[3] SHORT-COURSE COMBIVIR (CBV) SINGLE DOSE NEVIRAPINE REDUCES BUT DOES NOT ELIMINATE THE SELECTION OF NEVIRAPINE-RESISTANT HIV-1: IMPROVED DETECTION BY ALLELE-SPECIFIC PCR

14th International HIV Drug Resistance Workshop

7-11 June 2005, Québec City, Canada

SHORT-COURSE COMBIVIR (CBV) SINGLE DOSE NEVIRAPINE REDUCES BUT DOES NOT ELIMINATE THE SELECTION OF NEVIRAPINE-RESISTANT HIV-1: IMPROVED DETECTION BY ALLELE-SPECIFIC PCR

Antivir Ther. 10, Suppl 1:S5 (abstract no. 3)

S Palmer¹, V Boltz¹, F Maldarelli¹, N Martinson², J McIntyre², G Gray², Investigators for the trial 14133, M Hopley⁴, T Kimura⁵, D Mayers⁵, P Robinson⁵, J Coffin¹ and J Mellors⁶
¹HIV Drug Resistance Program, NCI, NIH, Frederick, MD, USA; ²Perinatal HIV Research Unit Chris Hani Baragwanath Hospital; and University of the Witwatersrand, Johannesburg, South Africa; ³Study, Investigators, South Africa; ⁴Boehringer Ingelheim ZA, Johannesburg, South Africa; ⁵Boehringer Ingelheim Pharm, Ridgefield, CT, USA; ⁶University of Pittsburgh, Pittsburgh, PA, USA

BACKGROUND: Single-dose nevirapine (sdNVP) to prevent mother-to-child HIV-1 transmission (pMTCT) selects NVP resistant variants in 30–65% of mothers as detected by standard genotyping. The T.O.P.S. trial (BI 1413) is a prospective, randomized three-arm study comparing sdNVP to sdNVP +4 or 7 days of CBV for pMTCT (McIntyre et al., Int. AIDS Cong. 2004). To detect low-frequency selection of NVP-resistant variants in this study, we analysed patient samples with an allele-specific RT-PCR assay that quantifies variants encoding 103N or 181C at frequencies <0.1%.

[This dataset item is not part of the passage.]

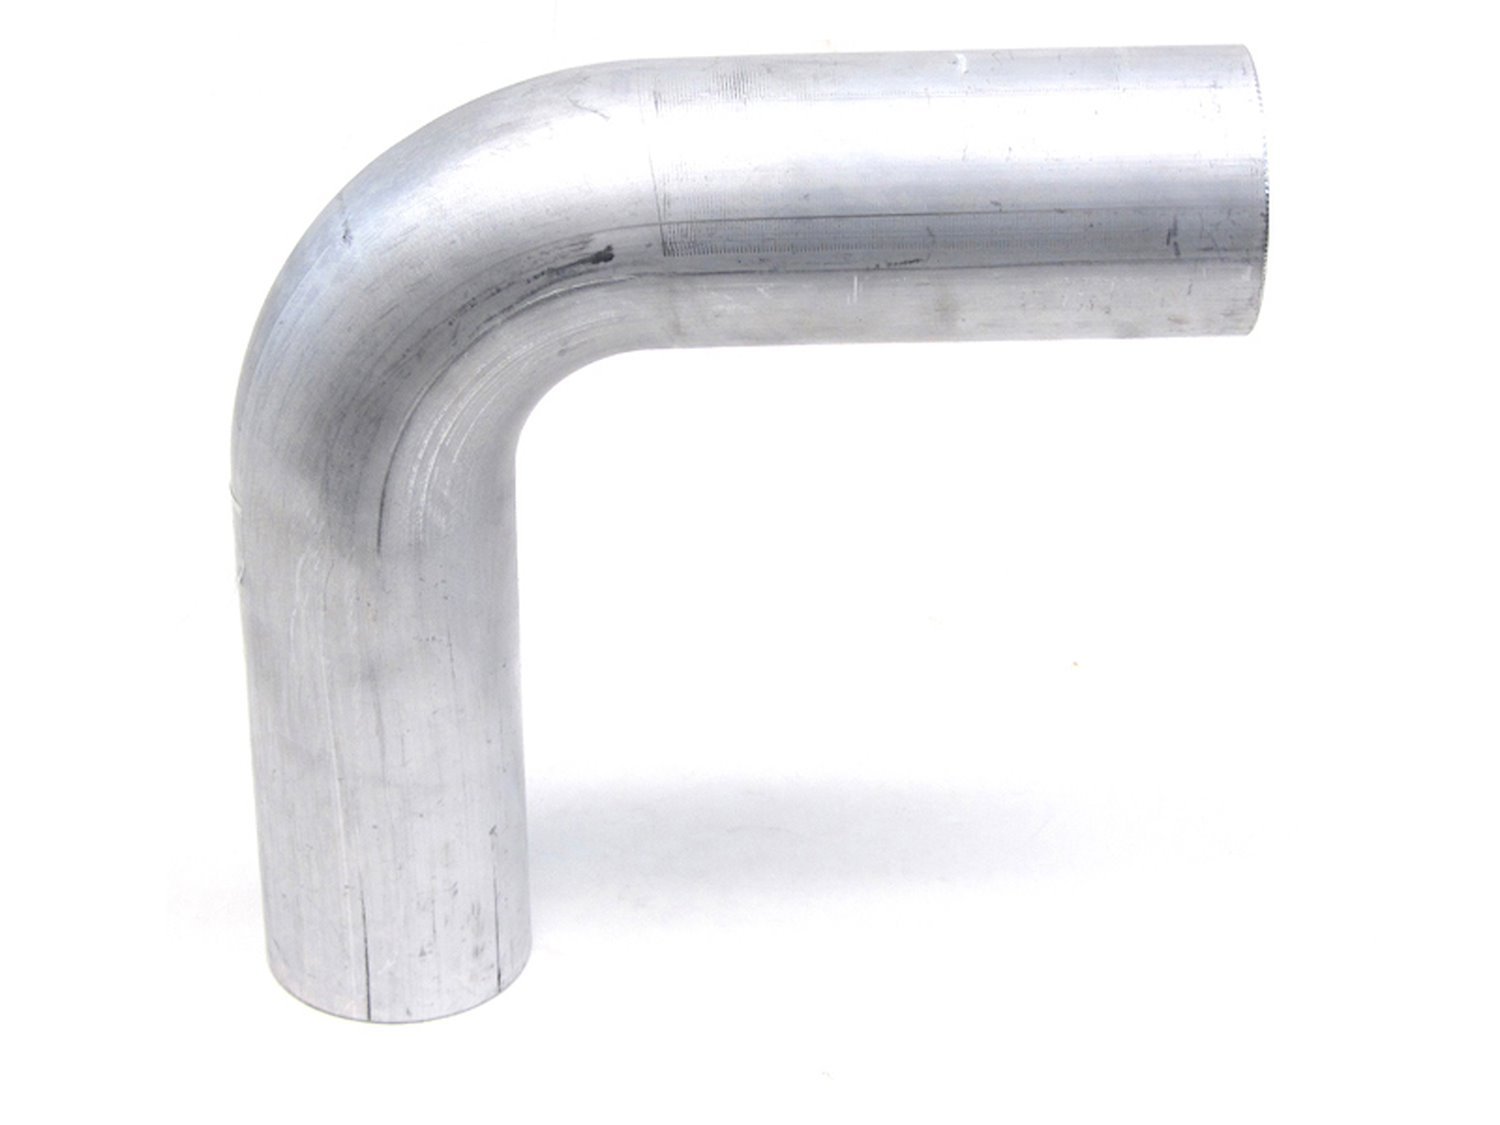 AT90-100-CLR-15 Aluminum Elbow Tube, 6061 Aluminum, 90-Degree Bend Elbow Tubing, 1 in. OD, Tight Radius, 1-1/2 in. CLR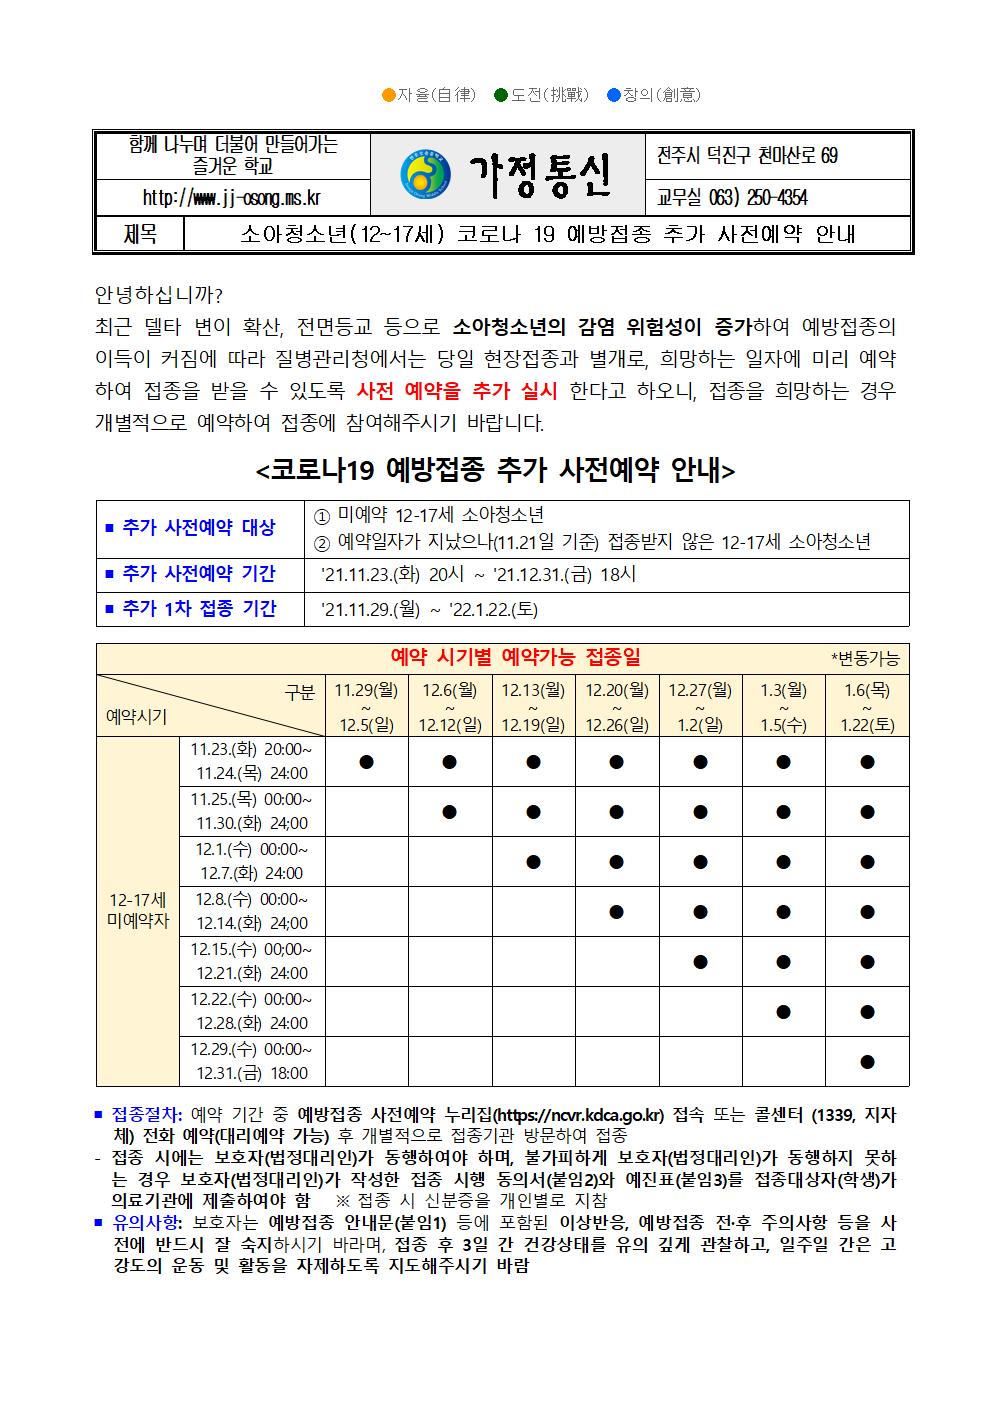 코로나 19 예방접종 추가 안내 가정통신문(11월)001

METHODS: Samples from a subgroup of 32 women were analysed at baseline, 2 and 6 weeks post-therapy from the three treatment arms: sdNVP (10 women) or sdNVP +4 or 7 days of CBV (11 each). Plasma HIV-1 RNA was converted to cDNA, and the target region was amplified and quantified by real-time PCR. This product was used as template for a second round of real-time PCR using discriminatory primers.

RESULTS: Standard genotyping revealed NVP resistance mutations in 70% of women receiving sdNVP at week 2 and 50% at week 6. By contrast, no NVP resistance mutations at codons 103 or 181 were detected by standard genotype at week 2 or 6 among women in this study who received sdNVP +4 or 7 days of CBV. Allele-specific RT-PCR detected 103N or 181C variants in week 6 samples from 75% of women receiving sdNVP alone (mutant frequency 1–75%, median: 7%) and 6 of 22 (27%) of women receiving sdNVP +4 or 7 days of CBV (mutant frequency 0.4–8%, median: 1.4%). There was no difference between the 4 and 7 day CBV arms in the proportion of women with NVP-resistant variants.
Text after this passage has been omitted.